* [Your instructions]
All of the records below are to be copied exactly.

==== Records for the task

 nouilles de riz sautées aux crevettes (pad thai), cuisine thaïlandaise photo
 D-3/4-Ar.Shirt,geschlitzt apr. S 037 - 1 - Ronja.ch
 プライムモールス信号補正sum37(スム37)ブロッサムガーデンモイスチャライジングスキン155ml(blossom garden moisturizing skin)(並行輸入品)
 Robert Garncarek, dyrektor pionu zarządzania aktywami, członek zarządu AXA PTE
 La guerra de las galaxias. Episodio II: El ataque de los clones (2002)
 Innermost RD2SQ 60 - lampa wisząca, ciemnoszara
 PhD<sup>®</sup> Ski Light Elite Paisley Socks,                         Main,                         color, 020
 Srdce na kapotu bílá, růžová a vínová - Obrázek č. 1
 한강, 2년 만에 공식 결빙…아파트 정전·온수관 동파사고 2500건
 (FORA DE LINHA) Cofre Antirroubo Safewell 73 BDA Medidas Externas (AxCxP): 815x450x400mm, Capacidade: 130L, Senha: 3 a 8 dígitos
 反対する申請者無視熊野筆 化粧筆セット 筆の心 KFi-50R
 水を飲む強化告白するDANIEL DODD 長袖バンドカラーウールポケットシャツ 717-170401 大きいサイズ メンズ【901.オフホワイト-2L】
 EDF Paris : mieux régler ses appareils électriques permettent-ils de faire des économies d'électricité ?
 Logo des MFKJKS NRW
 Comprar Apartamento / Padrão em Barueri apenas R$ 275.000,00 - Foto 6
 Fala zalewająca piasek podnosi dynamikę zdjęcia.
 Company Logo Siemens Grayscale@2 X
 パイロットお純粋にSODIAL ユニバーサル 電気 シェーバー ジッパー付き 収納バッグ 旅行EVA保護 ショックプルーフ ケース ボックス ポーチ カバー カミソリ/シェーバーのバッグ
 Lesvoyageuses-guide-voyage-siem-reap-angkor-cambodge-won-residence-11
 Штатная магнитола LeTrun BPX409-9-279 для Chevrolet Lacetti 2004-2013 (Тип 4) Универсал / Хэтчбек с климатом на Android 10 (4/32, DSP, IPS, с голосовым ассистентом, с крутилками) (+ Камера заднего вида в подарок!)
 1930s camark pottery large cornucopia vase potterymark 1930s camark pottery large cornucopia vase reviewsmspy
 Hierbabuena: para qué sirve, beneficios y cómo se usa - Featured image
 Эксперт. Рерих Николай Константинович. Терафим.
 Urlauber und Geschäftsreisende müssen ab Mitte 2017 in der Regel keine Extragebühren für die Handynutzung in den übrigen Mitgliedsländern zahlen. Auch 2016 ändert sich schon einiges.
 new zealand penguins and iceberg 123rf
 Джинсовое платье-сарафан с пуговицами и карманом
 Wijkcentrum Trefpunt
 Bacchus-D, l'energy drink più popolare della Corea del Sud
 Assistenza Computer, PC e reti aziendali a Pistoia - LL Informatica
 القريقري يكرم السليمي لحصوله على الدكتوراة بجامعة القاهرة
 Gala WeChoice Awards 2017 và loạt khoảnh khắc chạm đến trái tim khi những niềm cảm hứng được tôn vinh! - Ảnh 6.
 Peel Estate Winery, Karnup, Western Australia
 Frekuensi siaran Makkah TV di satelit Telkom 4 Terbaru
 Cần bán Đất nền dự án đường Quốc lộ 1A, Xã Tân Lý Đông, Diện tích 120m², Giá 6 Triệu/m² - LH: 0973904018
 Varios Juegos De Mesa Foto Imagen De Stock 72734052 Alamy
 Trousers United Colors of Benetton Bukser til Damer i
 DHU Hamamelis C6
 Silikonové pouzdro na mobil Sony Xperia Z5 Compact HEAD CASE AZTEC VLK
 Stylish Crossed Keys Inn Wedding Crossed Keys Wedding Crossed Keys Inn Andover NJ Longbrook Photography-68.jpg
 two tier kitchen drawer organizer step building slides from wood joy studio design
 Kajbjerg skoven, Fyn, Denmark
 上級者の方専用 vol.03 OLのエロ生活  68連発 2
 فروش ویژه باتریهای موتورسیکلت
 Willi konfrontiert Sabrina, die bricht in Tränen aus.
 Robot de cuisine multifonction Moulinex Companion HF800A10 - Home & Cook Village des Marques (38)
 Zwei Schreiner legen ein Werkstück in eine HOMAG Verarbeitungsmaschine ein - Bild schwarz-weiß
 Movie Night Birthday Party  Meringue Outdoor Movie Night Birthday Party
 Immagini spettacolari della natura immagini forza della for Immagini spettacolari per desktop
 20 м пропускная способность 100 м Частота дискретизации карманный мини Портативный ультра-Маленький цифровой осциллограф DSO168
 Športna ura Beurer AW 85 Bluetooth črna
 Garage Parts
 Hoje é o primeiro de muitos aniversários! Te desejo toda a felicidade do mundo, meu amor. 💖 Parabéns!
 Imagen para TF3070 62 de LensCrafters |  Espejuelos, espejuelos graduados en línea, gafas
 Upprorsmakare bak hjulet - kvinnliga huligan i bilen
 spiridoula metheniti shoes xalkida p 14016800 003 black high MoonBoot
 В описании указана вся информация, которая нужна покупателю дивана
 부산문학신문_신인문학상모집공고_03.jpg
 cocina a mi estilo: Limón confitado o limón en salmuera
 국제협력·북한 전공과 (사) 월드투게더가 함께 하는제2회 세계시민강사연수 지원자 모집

========

* [Expected answer]
 nouilles de riz sautées aux crevettes (pad thai), cuisine thaïlandaise photo
 D-3/4-Ar.Shirt,geschlitzt apr. S 037 - 1 - Ronja.ch
 プライムモールス信号補正sum37(スム37)ブロッサムガーデンモイスチャライジングスキン155ml(blossom garden moisturizing skin)(並行輸入品)
 Robert Garncarek, dyrektor pionu zarządzania aktywami, członek zarządu AXA PTE
 La guerra de las galaxias. Episodio II: El ataque de los clones (2002)
 Innermost RD2SQ 60 - lampa wisząca, ciemnoszara
 PhD<sup>®</sup> Ski Light Elite Paisley Socks,                         Main,                         color, 020
 Srdce na kapotu bílá, růžová a vínová - Obrázek č. 1
 한강, 2년 만에 공식 결빙…아파트 정전·온수관 동파사고 2500건
 (FORA DE LINHA) Cofre Antirroubo Safewell 73 BDA Medidas Externas (AxCxP): 815x450x400mm, Capacidade: 130L, Senha: 3 a 8 dígitos
 反対する申請者無視熊野筆 化粧筆セット 筆の心 KFi-50R
 水を飲む強化告白するDANIEL DODD 長袖バンドカラーウールポケットシャツ 717-170401 大きいサイズ メンズ【901.オフホワイト-2L】
 EDF Paris : mieux régler ses appareils électriques permettent-ils de faire des économies d'électricité ?
 Logo des MFKJKS NRW
 Comprar Apartamento / Padrão em Barueri apenas R$ 275.000,00 - Foto 6
 Fala zalewająca piasek podnosi dynamikę zdjęcia.
 Company Logo Siemens Grayscale@2 X
 パイロットお純粋にSODIAL ユニバーサル 電気 シェーバー ジッパー付き 収納バッグ 旅行EVA保護 ショックプルーフ ケース ボックス ポーチ カバー カミソリ/シェーバーのバッグ
 Lesvoyageuses-guide-voyage-siem-reap-angkor-cambodge-won-residence-11
 Штатная магнитола LeTrun BPX409-9-279 для Chevrolet Lacetti 2004-2013 (Тип 4) Универсал / Хэтчбек с климатом на Android 10 (4/32, DSP, IPS, с голосовым ассистентом, с крутилками) (+ Камера заднего вида в подарок!)
 1930s camark pottery large cornucopia vase potterymark 1930s camark pottery large cornucopia vase reviewsmspy
 Hierbabuena: para qué sirve, beneficios y cómo se usa - Featured image
 Эксперт. Рерих Николай Константинович. Терафим.
 Urlauber und Geschäftsreisende müssen ab Mitte 2017 in der Regel keine Extragebühren für die Handynutzung in den übrigen Mitgliedsländern zahlen. Auch 2016 ändert sich schon einiges.
 new zealand penguins and iceberg 123rf
 Джинсовое платье-сарафан с пуговицами и карманом
 Wijkcentrum Trefpunt
 Bacchus-D, l'energy drink più popolare della Corea del Sud
 Assistenza Computer, PC e reti aziendali a Pistoia - LL Informatica
 القريقري يكرم السليمي لحصوله على الدكتوراة بجامعة القاهرة
 Gala WeChoice Awards 2017 và loạt khoảnh khắc chạm đến trái tim khi những niềm cảm hứng được tôn vinh! - Ảnh 6.
 Peel Estate Winery, Karnup, Western Australia
 Frekuensi siaran Makkah TV di satelit Telkom 4 Terbaru
 Cần bán Đất nền dự án đường Quốc lộ 1A, Xã Tân Lý Đông, Diện tích 120m², Giá 6 Triệu/m² - LH: 0973904018
 Varios Juegos De Mesa Foto Imagen De Stock 72734052 Alamy
 Trousers United Colors of Benetton Bukser til Damer i
 DHU Hamamelis C6
 Silikonové pouzdro na mobil Sony Xperia Z5 Compact HEAD CASE AZTEC VLK
 Stylish Crossed Keys Inn Wedding Crossed Keys Wedding Crossed Keys Inn Andover NJ Longbrook Photography-68.jpg
 two tier kitchen drawer organizer step building slides from wood joy studio design
 Kajbjerg skoven, Fyn, Denmark
 上級者の方専用 vol.03 OLのエロ生活  68連発 2
 فروش ویژه باتریهای موتورسیکلت
 Willi konfrontiert Sabrina, die bricht in Tränen aus.
 Robot de cuisine multifonction Moulinex Companion HF800A10 - Home & Cook Village des Marques (38)
 Zwei Schreiner legen ein Werkstück in eine HOMAG Verarbeitungsmaschine ein - Bild schwarz-weiß
 Movie Night Birthday Party  Meringue Outdoor Movie Night Birthday Party
 Immagini spettacolari della natura immagini forza della for Immagini spettacolari per desktop
 20 м пропускная способность 100 м Частота дискретизации карманный мини Портативный ультра-Маленький цифровой осциллограф DSO168
 Športna ura Beurer AW 85 Bluetooth črna
 Garage Parts
 Hoje é o primeiro de muitos aniversários! Te desejo toda a felicidade do mundo, meu amor. 💖 Parabéns!
 Imagen para TF3070 62 de LensCrafters |  Espejuelos, espejuelos graduados en línea, gafas
 Upprorsmakare bak hjulet - kvinnliga huligan i bilen
 spiridoula metheniti shoes xalkida p 14016800 003 black high MoonBoot
 В описании указана вся информация, которая нужна покупателю дивана
 부산문학신문_신인문학상모집공고_03.jpg
 cocina a mi estilo: Limón confitado o limón en salmuera
 국제협력·북한 전공과 (사) 월드투게더가 함께 하는제2회 세계시민강사연수 지원자 모집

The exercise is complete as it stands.